Aan de Voorzitter van de Tweede Kamer der Staten-Generaal
Den Haag, 2 oktober 2020
Overeenkomstig de bestaande afspraken ontvangt u hierbij 6 fiches die werden opgesteld
door de werkgroep Beoordeling Nieuwe Commissievoorstellen (BNC).
Fiche: Mededeling EU Agenda en Actieplan Drugs 2021–2025 (Kamerstuk 22 112, nr. 2928)

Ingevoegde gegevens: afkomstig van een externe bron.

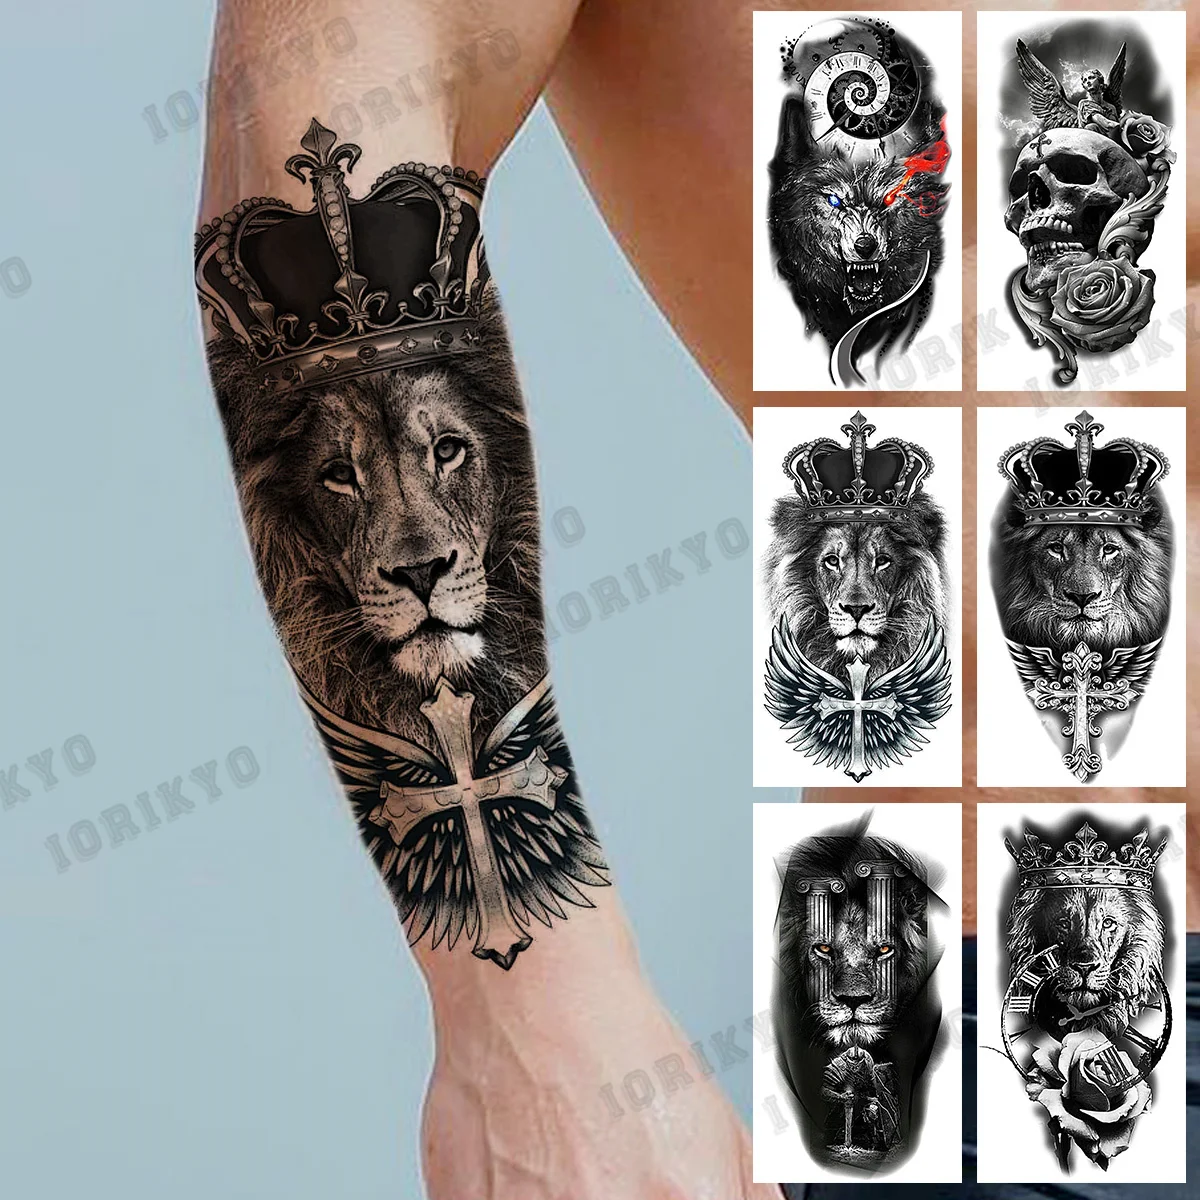 

3D Black Lion Wings Cross Crown Temporary Tattoos For Men Adult Wolf Skull Rose Flower Compass Fake Tattoofashion Forearm Tatoos
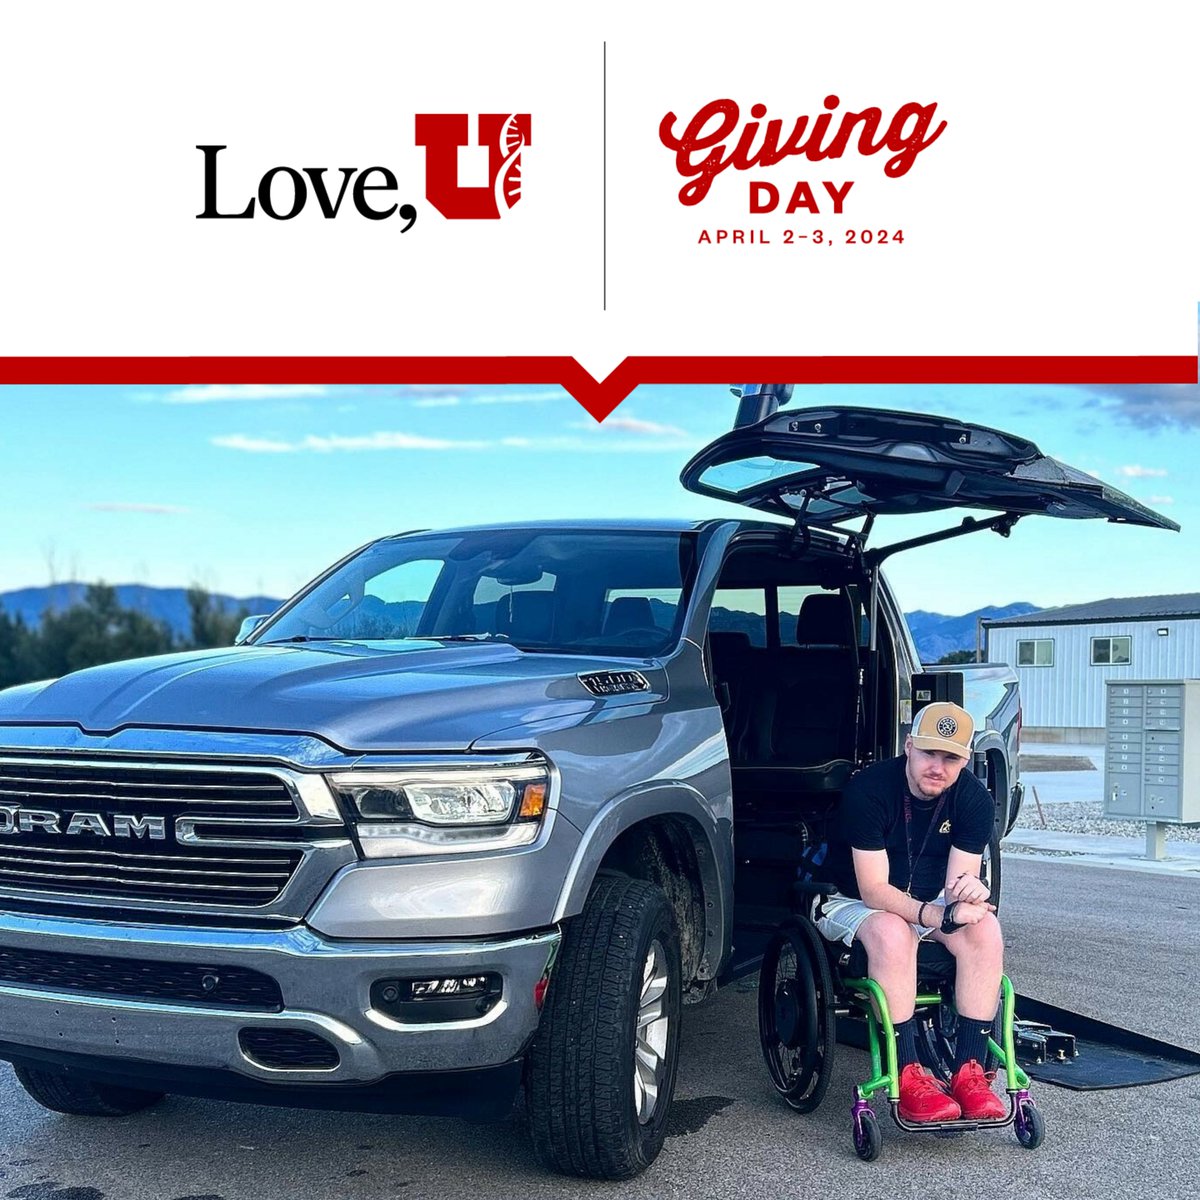 TOMORROW! Join us on Giving Day to support the Craig H. Neilsen Rehabilitation Hospital Patient Experience and Enrichment Fund! Together we can amplify our impact of transforming lives through innovative care and quality-of-life programs. Give early: uofuhealth.org/NeilsenHospita…

Fiche: Zesde wijziging administratieve samenwerkingsrichtlijn op het gebied van belastingen
Fiche: Kapitaalmarkten Herstelpakket – Wijziging richtlijn markten voor financiële
instrumenten om bij te dragen aan het herstel van de COVID-19-pandemie (Kamerstuk
22 112, nr. 2930)
Fiche: Kapitaalmarkten Herstelpakket – Wijziging Prospectusverordening om bij te dragen
aan het herstel van de COVID-19-pandemie (Kamerstuk 22 112, nr. 2931)
Fiche: Kapitaalmarkten Herstelpakket – Wijziging Securitisatieverordening om bij te
dragen aan het herstel van de COVID-19-pandemie (Kamerstuk 22 112, nr. 2932)
Fiche:Kapitaalmarkten Herstelpakket – Wijziging verordening kapitaalvereisten om bij
te dragen aan het herstel van de COVID-19-pandemie (Kamerstuk 22 112, nr. 2933)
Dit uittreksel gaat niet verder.